In this paper, we propose a new deep learning approach to predicting solar flares using time series of SHARP parameters. Our approach employs a transformer-based framework, named SolarFlareNet, which predicts whether there would be a flare within 24 to 72 h, where the flare could be a \(\ge\)M5.0-, \(\ge\)M-, or \(\ge\)C-class flare. We further extend SolarFlareNet to produce probabilistic forecasts of flares and implement the probabilistic model into an operational, near real-time flare forecasting system. Experimental results demonstrate that SolarFlareNet generally performs better than, or is comparable to, related flare prediction methods.

Results

Deterministic prediction tasks

For any given active region (AR) and time point t, we predict whether there would be a \(\gamma\)-class flare within the next 24 h (48 h, 72 h, respectively) of t where \(\gamma\) can be \(\ge\)M5.0, \(\ge\)M, or \(\ge\)C. A \(\ge\)M5.0-class flare means the GOES X-ray flux value of the flare is above \(5 \times 10^{-5}\text{ Wm}^{-2}\). A \(\ge\)M-class flare refers to an X- or M-class flare. A \(\ge\)C-class flare refers to an X-class, M-class, or C-class flare. We focus on these three classes of flares due to their importance in space weather9,19,23,33. We developed three transformer models to tackle the three prediction tasks individually and separately. Notice that we did not consider \(\gamma\) to be \(\ge\)X due to the lack of samples for X-class flares. Instead, we use \(\ge\)M5.0 as the most significant class, which contains sufficient samples.

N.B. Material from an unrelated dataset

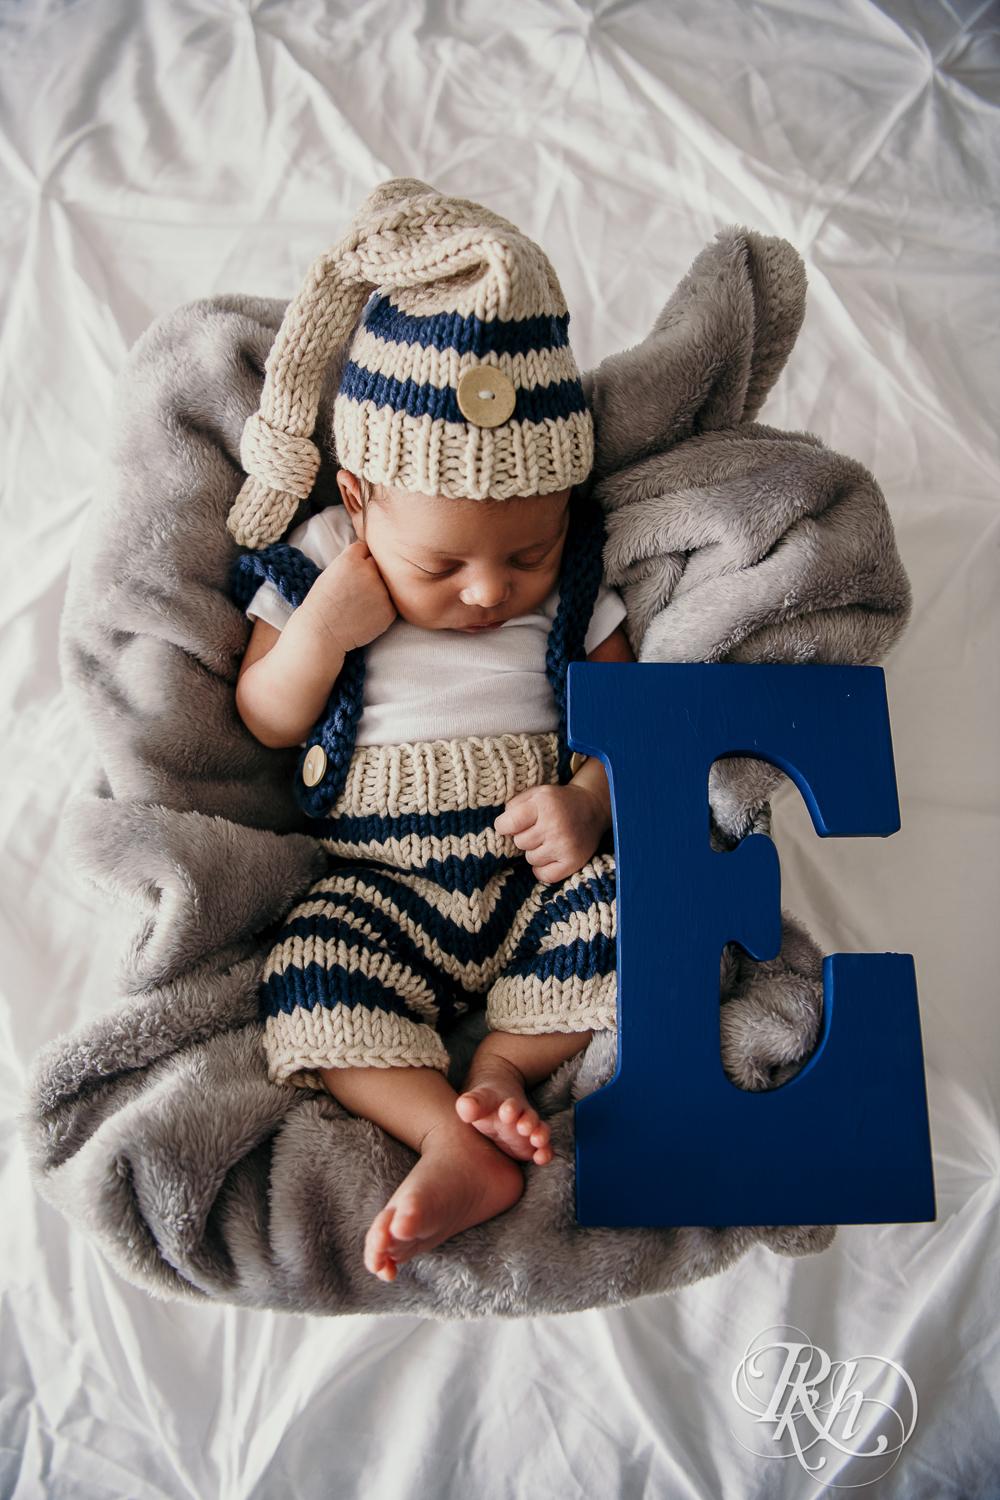 Biracial baby wearing knit cap sleeps on a bed in Burnsville, Minnesota at home with big letter E.
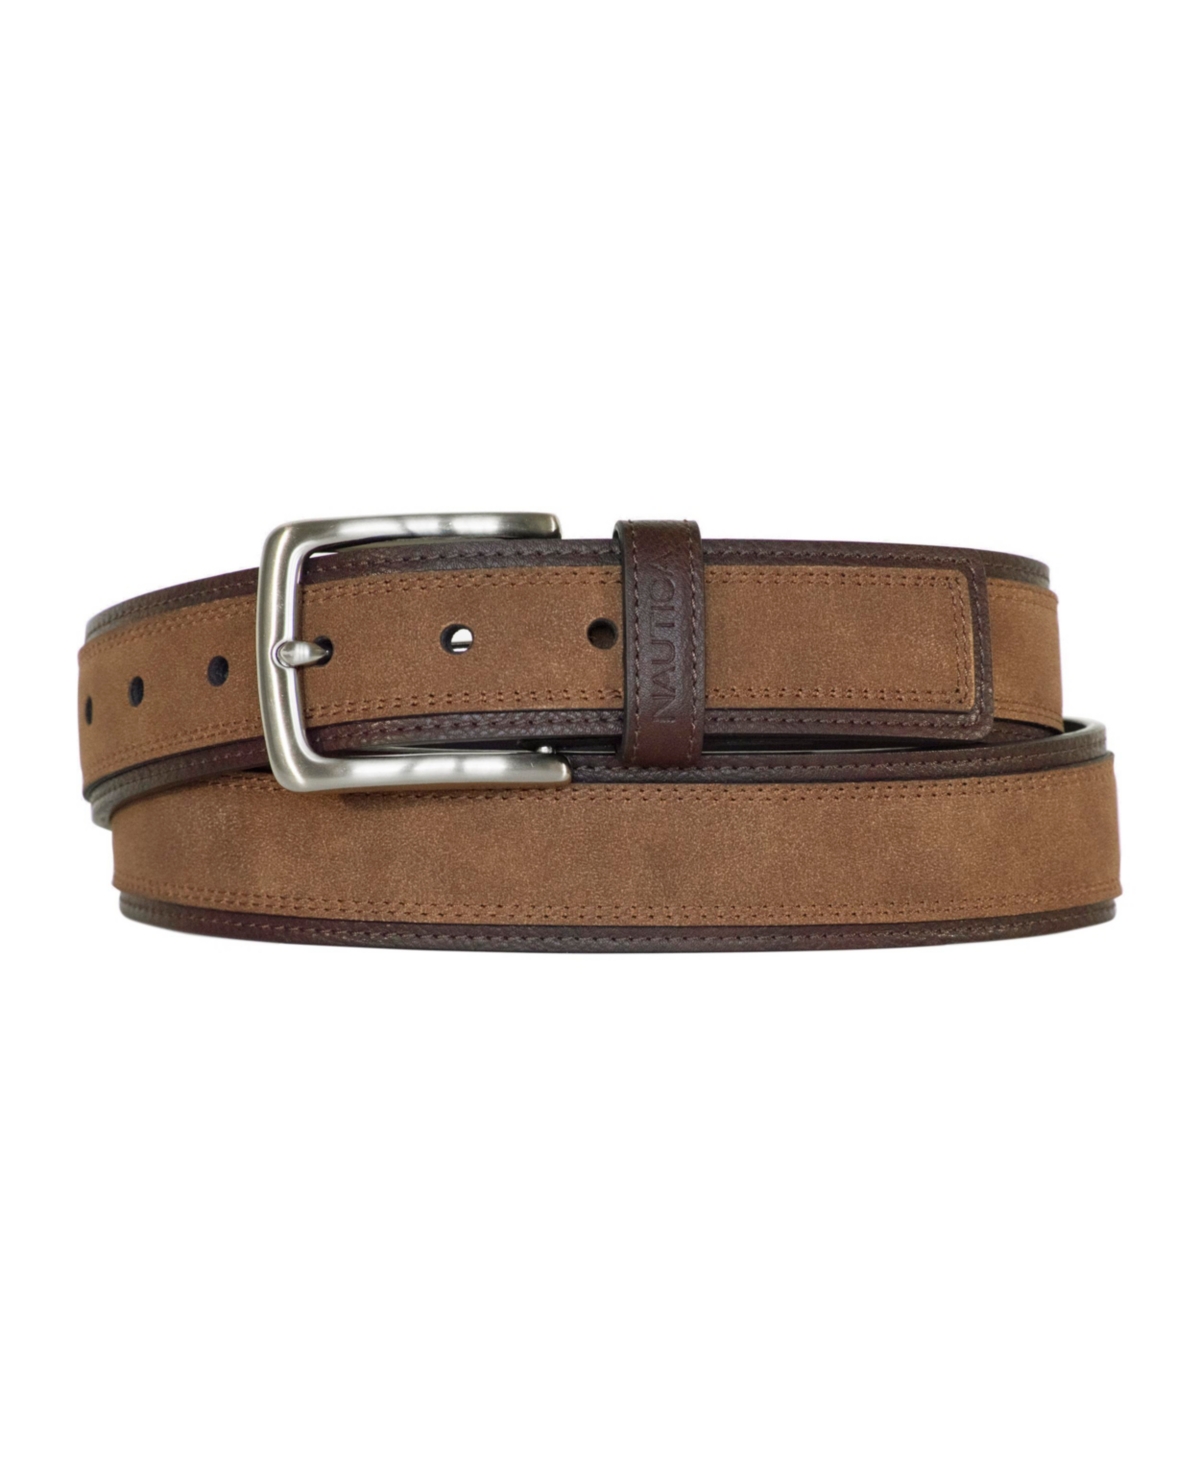 Nautica Men's Casual Leather Belt With Suede Overlay In Tan

Comparison with previous methods

We conducted a series of experiments to compare the proposed SolarFlareNet framework with closely related methods. All these methods perform binary classifications/predictions as defined above. We adopt several performance metrics. Formally, given an AR and a data sample \(x_{t}\) observed at time point t, we define \(x_{t}\) to be a true positive (TP) if the \(\ge\)M5.0 (\(\ge\)M, \(\ge\)C, respectively) model predicts that \(x_{t}\) is positive, i.e., the AR will produce a \(\ge\)M5.0- (\(\ge\)M-, \(\ge\)C-, respectively) class flare within the next 24 h of t, and \(x_{t}\) is indeed positive. We define \(x_{t}\) as a false positive (FP) if the \(\ge\)M5.0 (\(\ge\)M, \(\ge\)C, respectively) model predicts that \(x_{t}\) is positive while \(x_{t}\) is actually negative, i.e., the AR will not produce a \(\ge\)M5.0- (\(\ge\)M-, \(\ge\)C-, respectively) class flare within the next 24 h of t. We say \(x_{t}\) is a true negative (TN) if the \(\ge\)M5.0 (\(\ge\)M, \(\ge\)C, respectively) model predicts \(x_{t}\) to be negative and \(x_{t}\) is indeed negative; \(x_{t}\) is a false negative (FN) if the \(\ge\)M5.0 (\(\ge\)M, \(\ge\)C, respectively) model predicts \(x_{t}\) to be negative while \(x_{t}\) is actually positive. We also use TP (FP, TN, and FN, respectively) to represent the total number of true positives (false positives, true negatives, and false negatives, respectively). The TP, FP, TN, and FN for the 48-h and 72-h ahead predictions are defined similarly. The performance metrics are calculated as follows:

$$\begin{aligned} \text {Recall} = \frac{ \textrm{TP}}{\mathrm {TP + FN}} \end{aligned}$$
(1)
$$\begin{aligned} \text {Precision} = \frac{ \textrm{TP}}{\mathrm {TP + FP}} \end{aligned}$$
(2)
$$\begin{aligned} \text {Accuracy (ACC)} = \frac{ \mathrm {TP + TN}}{\mathrm {TP+FP + TN + FN}} \end{aligned}$$
(3)
$$\begin{aligned} \text {Balanced Accuracy (BACC)} = \frac{1}{2} \left( \frac{ \textrm{TP}}{\mathrm {TP+FN}} + \frac{ \textrm{TN}}{\mathrm {TN+FP}}\right) \end{aligned}$$
(4)
$$\begin{aligned} \text {True Skill Statistics (TSS)} = \frac{ \textrm{TP}}{\mathrm {TP+FN}} - \frac{\textrm{FP}}{\mathrm {FP+TN}} \end{aligned}$$
(5)

Table 1 compares SolarFlareNet with related methods for 24-h ahead flare predictions. The performance metric values of SolarFlareNet are mean values obtained from 10-fold cross-validation9. The metric values of the highest performance models in the related studies are taken directly from those studies and are displayed in Table 1. The symbol ‘–’ means that a method does not produce the metric value for the corresponding prediction task. The best metric values are highlighted in boldface. TSS is the primary metric used in the literature on flare prediction. It can be seen from Table 1 that SolarFlareNet outperforms the state-of-the-art methods in terms of TSS except that Liu et al.9 perform better than SolarFlareNet in predicting \(\ge\)M5.0 class flares.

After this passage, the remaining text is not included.